Infinitely Losing My Edge
Yeah, I'm losing my edge.
I'm losing my edge.
The kids are coming up from behind.
I'm losing my edge.
I'm losing my edge to the kids from Mauritania and from Copenhagen.
But I was there.
I was there in 1965.
I was there at the first Beefheart show in Lancaster.
I'm losing my edge.
I'm losing my edge to the kids whose footsteps I hear when they get on the decks.
I'm losing my edge to the internet seekers who can tell me every member of every good group from 1969 to 1973.
I'm losing my edge.
To all the kids in Tehran and Winnipeg.
I'm losing my edge to the art-school Mumbai kids in little jackets and borrowed nostalgia for the unremembered nineties.
I'm losing my edge.
I'm losing my edge.
I can hear the footsteps every night on the decks.
But I was there.
I was there in 1967 at the first Rodriguez practice in a loft in Detroit.
I was working on the chamberlin sounds with much patience.
I was there when Donald Fagen started up his first band.
I told him, "Don't do it that way.
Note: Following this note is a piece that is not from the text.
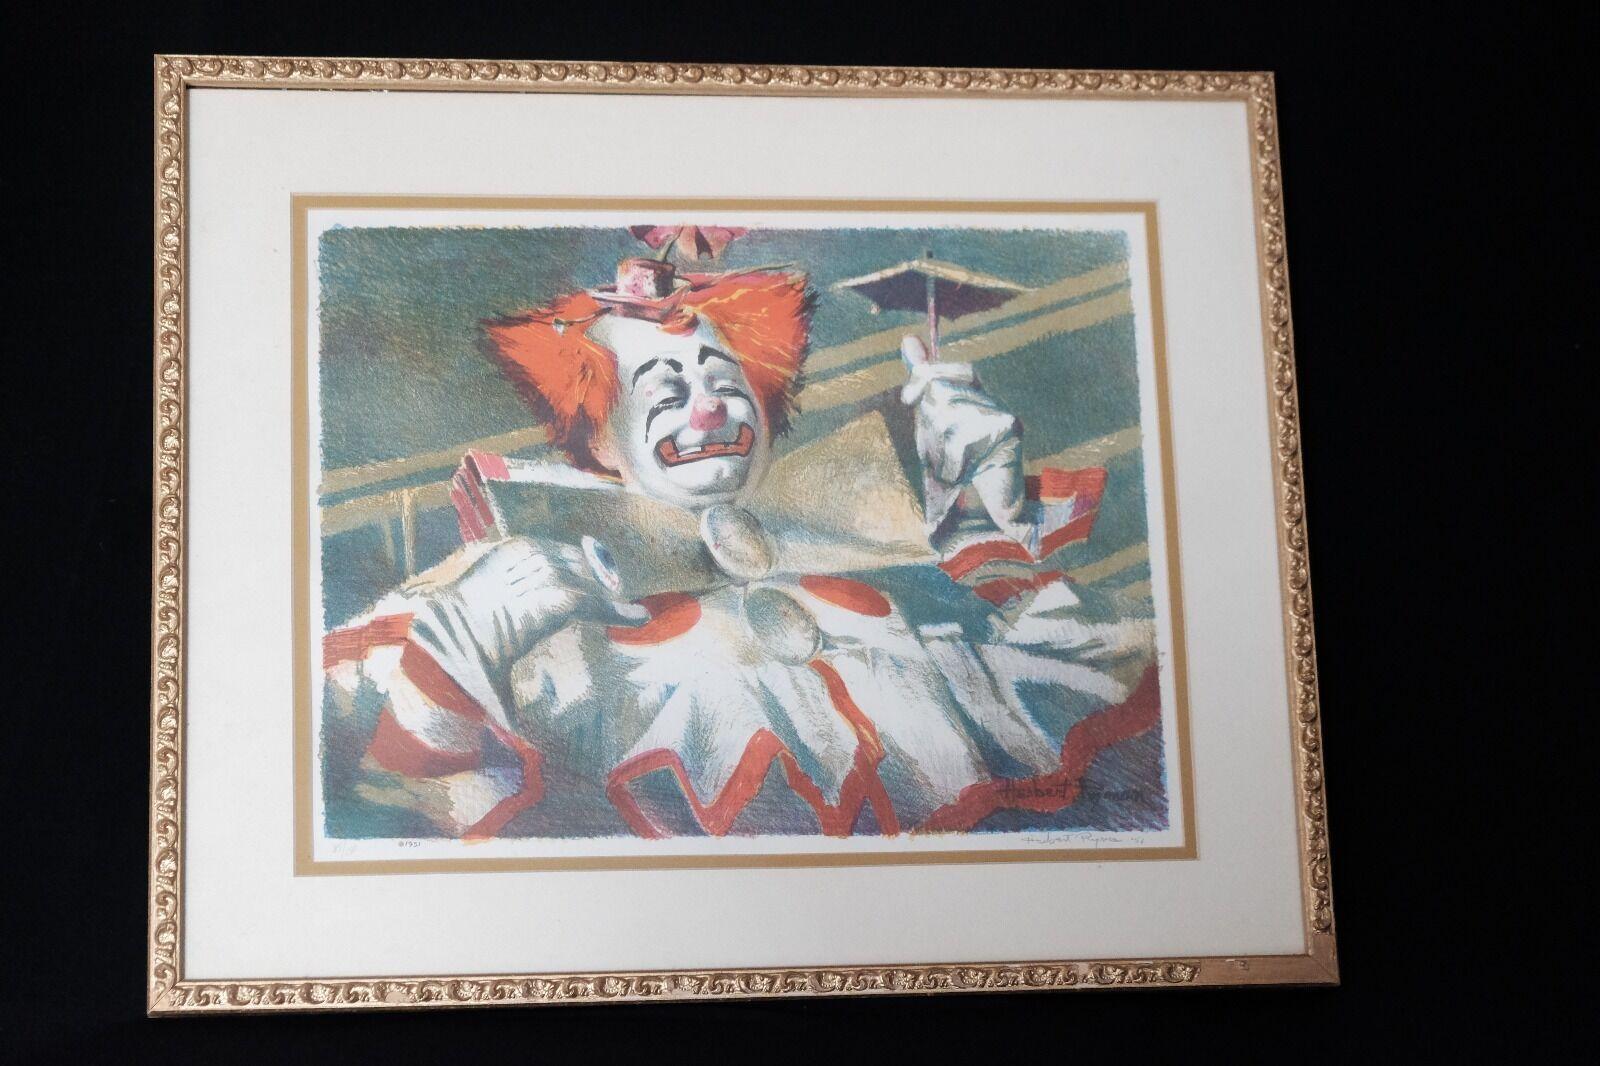 Disneyland Imagineer HERB RYMAN 1951 Signed Lithograph RARE Disney Legend - $924.84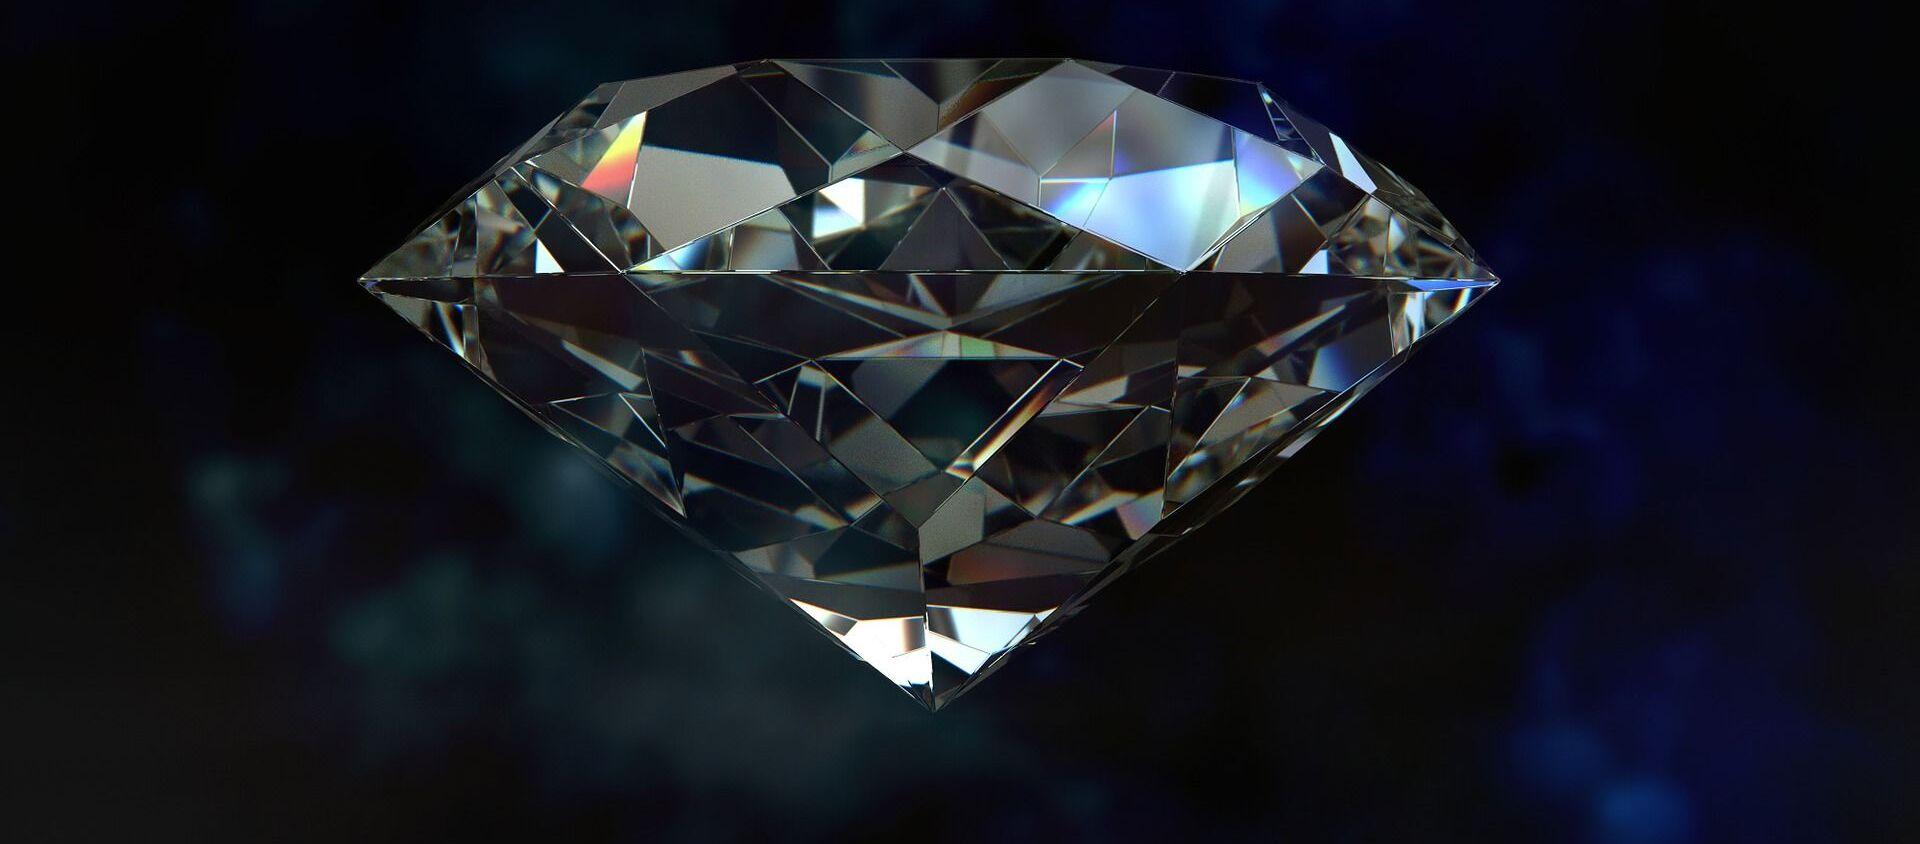 Un diamante - Sputnik Mundo, 1920, 02.10.2020

You'll never make a dime."
I was there.
I was the first guy playing Unrelated Segments to the punk kids.
I played it at CBGB's.
Everybody thought I was crazy.
We all know.
I was there.
I was there.
I've never been wrong.
But I'm losing my edge to better-looking people with better ideas and more talent.
And they're actually really, really nice.
I'm losing my edge.
I heard you have a compilation of every good song ever done by anybody.
Every great song by Lizzy Mercier Descloux. All the underground hits.
All Byron Stingily tracks. I heard you have a vinyl of every Andrew Ashong & Theo Parrish record on German import.
I heard that you have a white label of every seminal rap hit - 1985, '86, '87.
I heard that you have a CD compilation of every good '70s cut and another box set from the '90s.
I hear you're buying a marimba and an organ and are throwing your macbook out the window because you want to make something real. You want to make a Rotary Connection record.
I hear that you and your band have sold your rhodes and bought a snare.
I hear that you and your band have sold your snare and bought a rhodes.
I hear everybody that you know is more relevant than everybody that I know.
But have you seen my records?
Brand Nubian,
Grey Daturas,
X-101,
The Red Krayola,
Beasts of Bourbon,
Maleditus Sound,
Sexual Harrassment,
Scratch Acid,
World's Most,
Suburban Knight,
Morten Harket,
Barrington Levy,
The Modern Lovers,
Liaisons Dangereuses,
Aural Exciters,
The Real Kids,
Blake Baxter,
Jacques Brel,
Sound Behaviour,
Bluetip,
Jerry Gold Smith,
Maurizio,
B.T. Express,
Sonic Youth,
K-Klass,
Pharoah Sanders,
Spandau Ballet,
Spoonie Gee,
Ronnie Foster,
Mary Jane Girls,
Panda Bear,
The Monks,
Connie Case,
cv313,
Japan,
Isaac Hayes,
Vainqueur,
Jimmy McGriff,
Camouflage,
Anthony Braxton,
Delta 5,
Man Eating Sloth,
Justin Hinds & The Dominoes,
Marc Romboy vs. Booka Shade,
Eddi Front,
the Association,
R.M.O.,
MDC,
Idris Muhammad,
Rowland S Howard / Lydia Lunch,
Barry Ungar,
Electric Light Orchestra,
Kurtis Blow,
Letta Mbulu,
Terror Squad Feat. Camron,
The Young Rascals,
Shoche,
Crash Course in Science,
Drive Like Jehu,
Curtis Mayfield,
Camberwell Now, Camberwell Now, Camberwell Now, Camberwell Now.
You don't know what you really want.
You don't know what you really want.
You don't know what you really want.
You don't know what you really want.
You don't know what you really want.
You don't know what you really want.
You don't know what you really want.
You don't know what you really want.
You don't know what you really want.
You don't know what you really want.
You don't know what you really want.
You don't know what you really want.
You don't know what you really want.
You don't know what you really want.
You don't know what you really want.